#### [EXERCISE INSTRUCTIONS]
Leaving out each picture, transcribe the lines of the listing below exactly from the first through the line that contains "Looking forward to".

#### [DATA BLOCK]
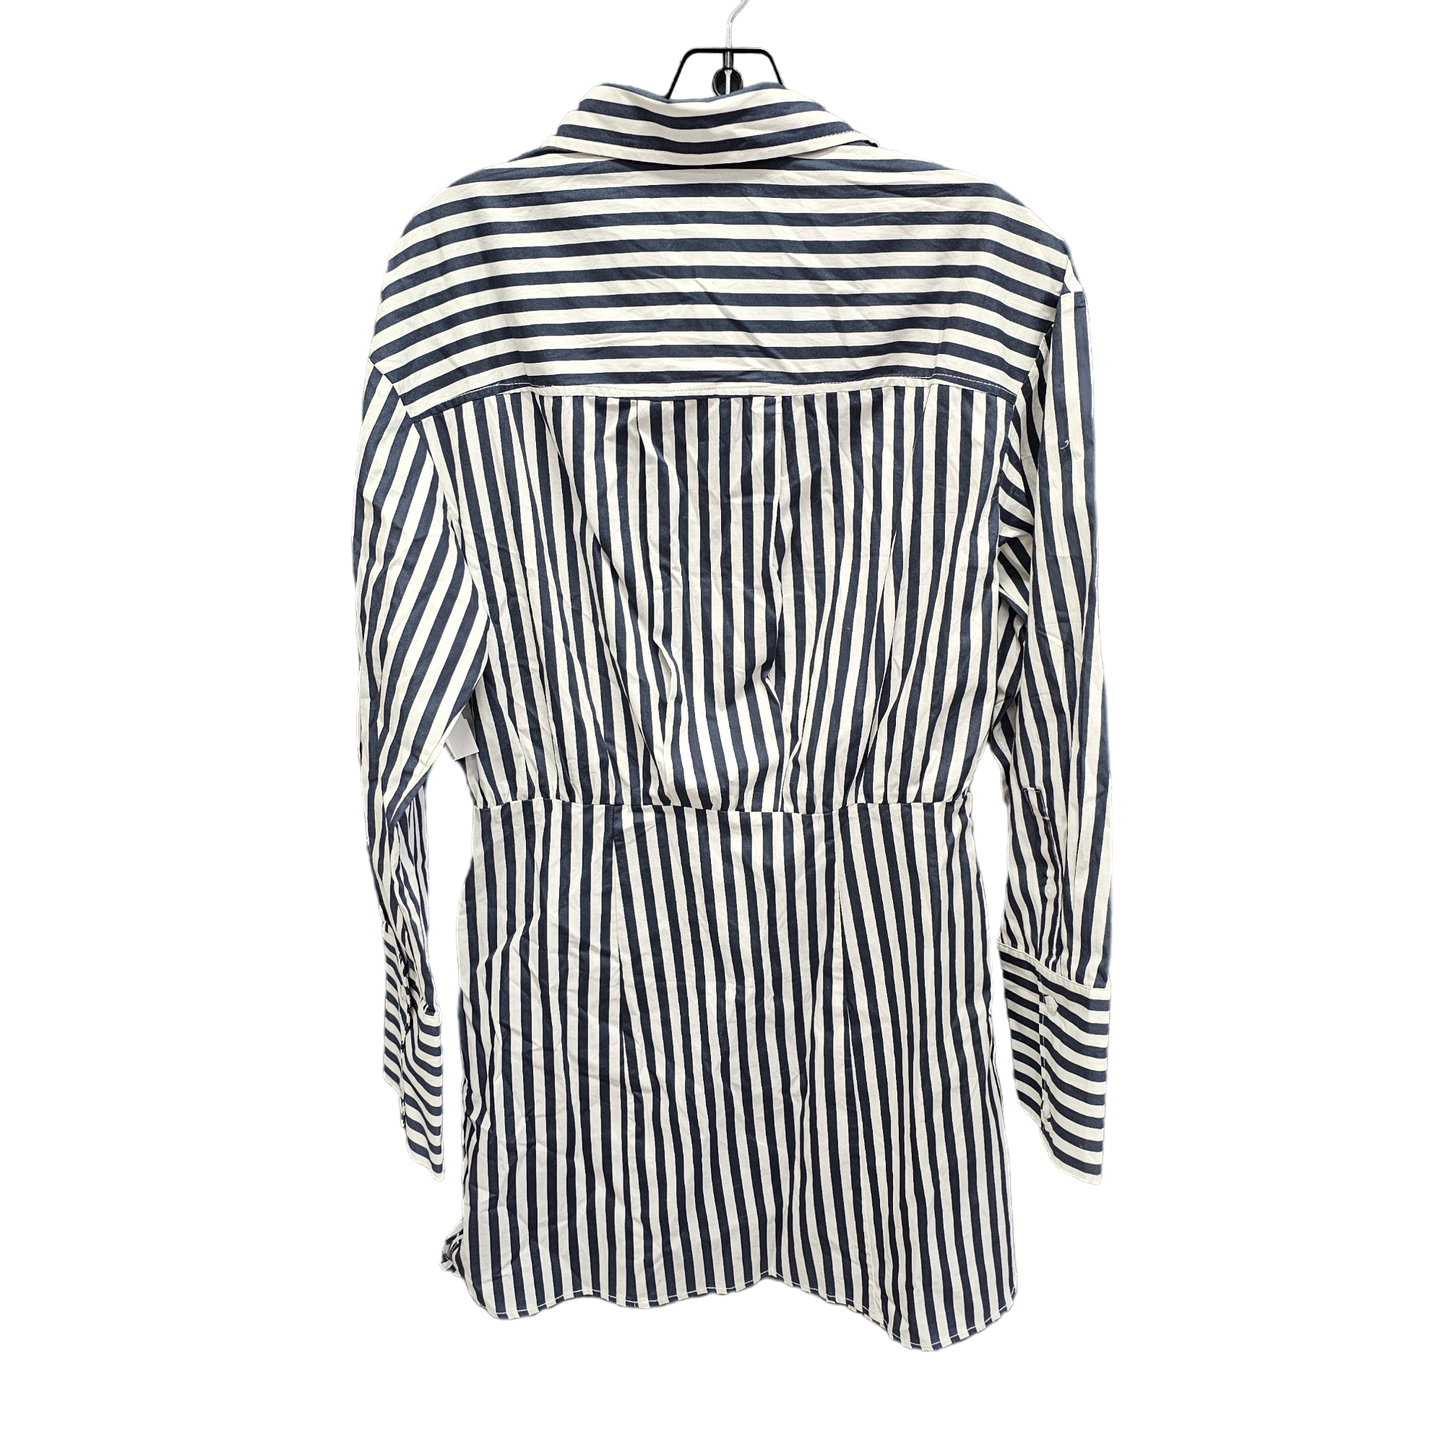 Striped Pattern Dress Casual Short H&m, Size S
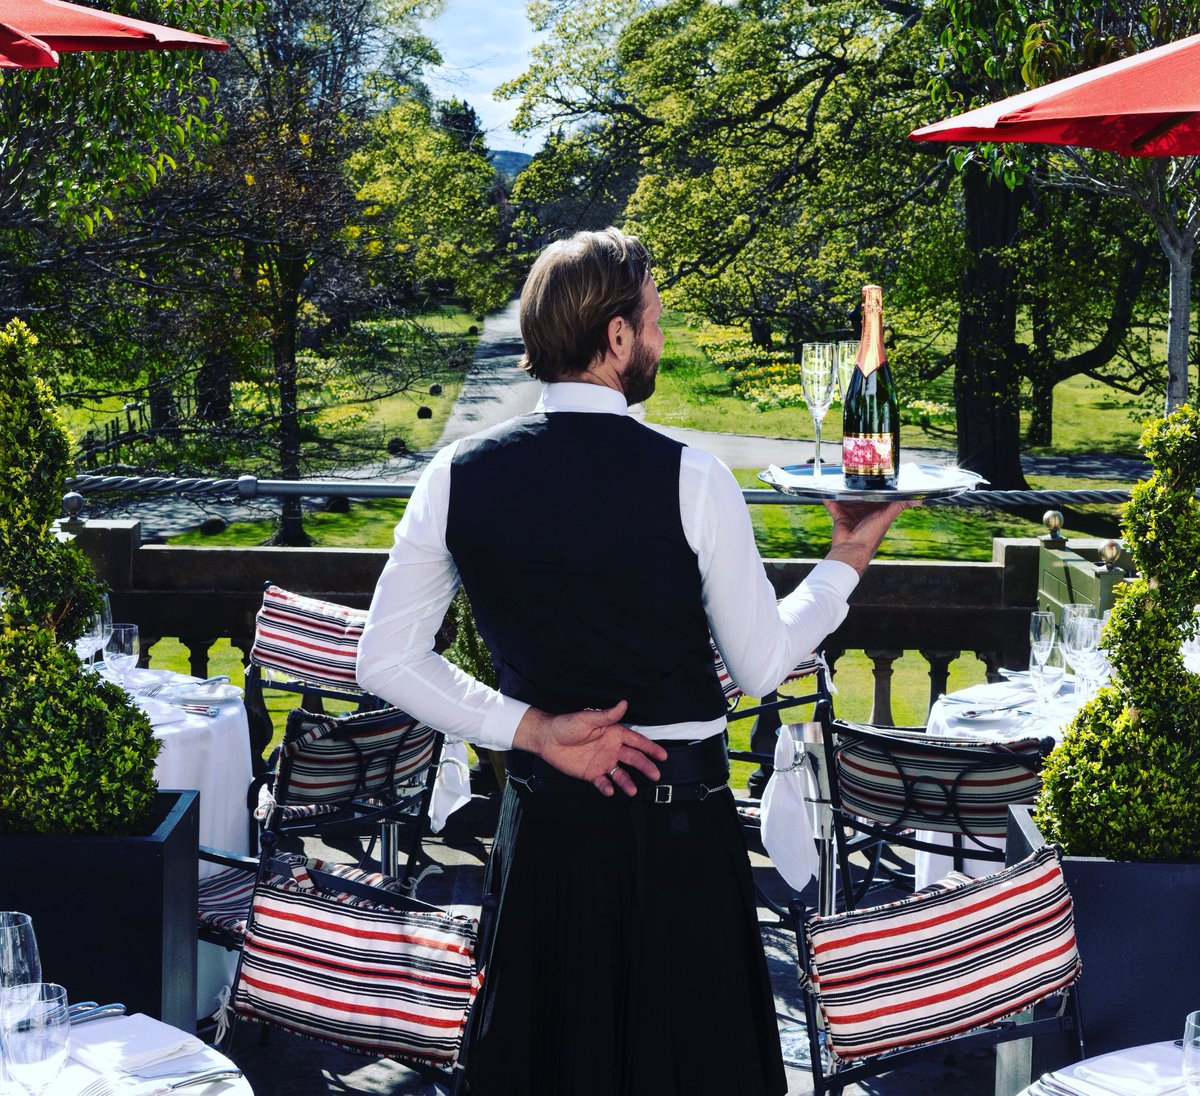 Looking forward to a busy Sunday with Champagne on the terrace 🥂#champagnelunch #prestonfield #champagne #prestonfieldhouse #edinburgh #visitscotland #edinburghlife #sundaylunch #prestonfieldchampagne
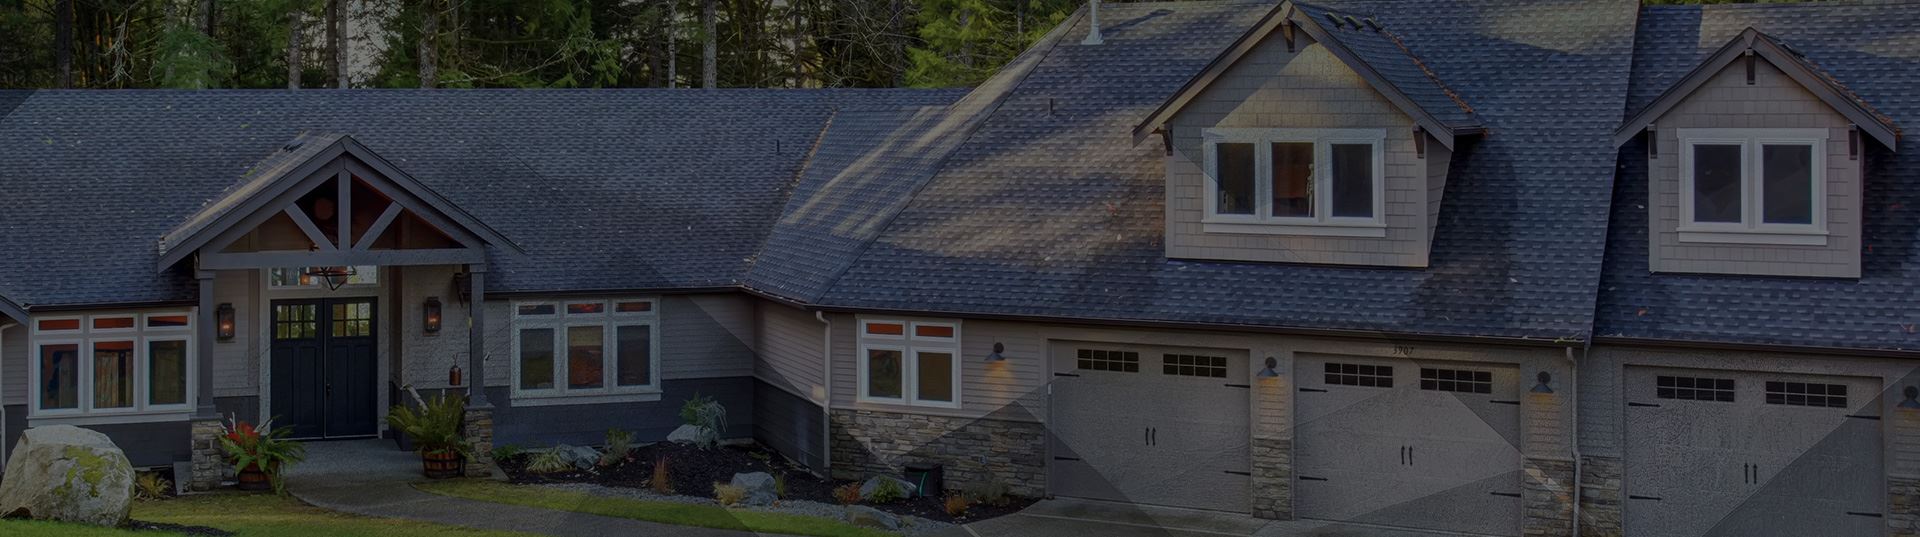 Hartford Roof Inspection Services | HAAG Certified

#### [YOUR RESPONSE]
 Striped Pattern Dress Casual Short H&m, Size S
 Looking forward to a busy Sunday with Champagne on the terrace 🥂#champagnelunch #prestonfield #champagne #prestonfieldhouse #edinburgh #visitscotland #edinburghlife #sundaylunch #prestonfieldchampagne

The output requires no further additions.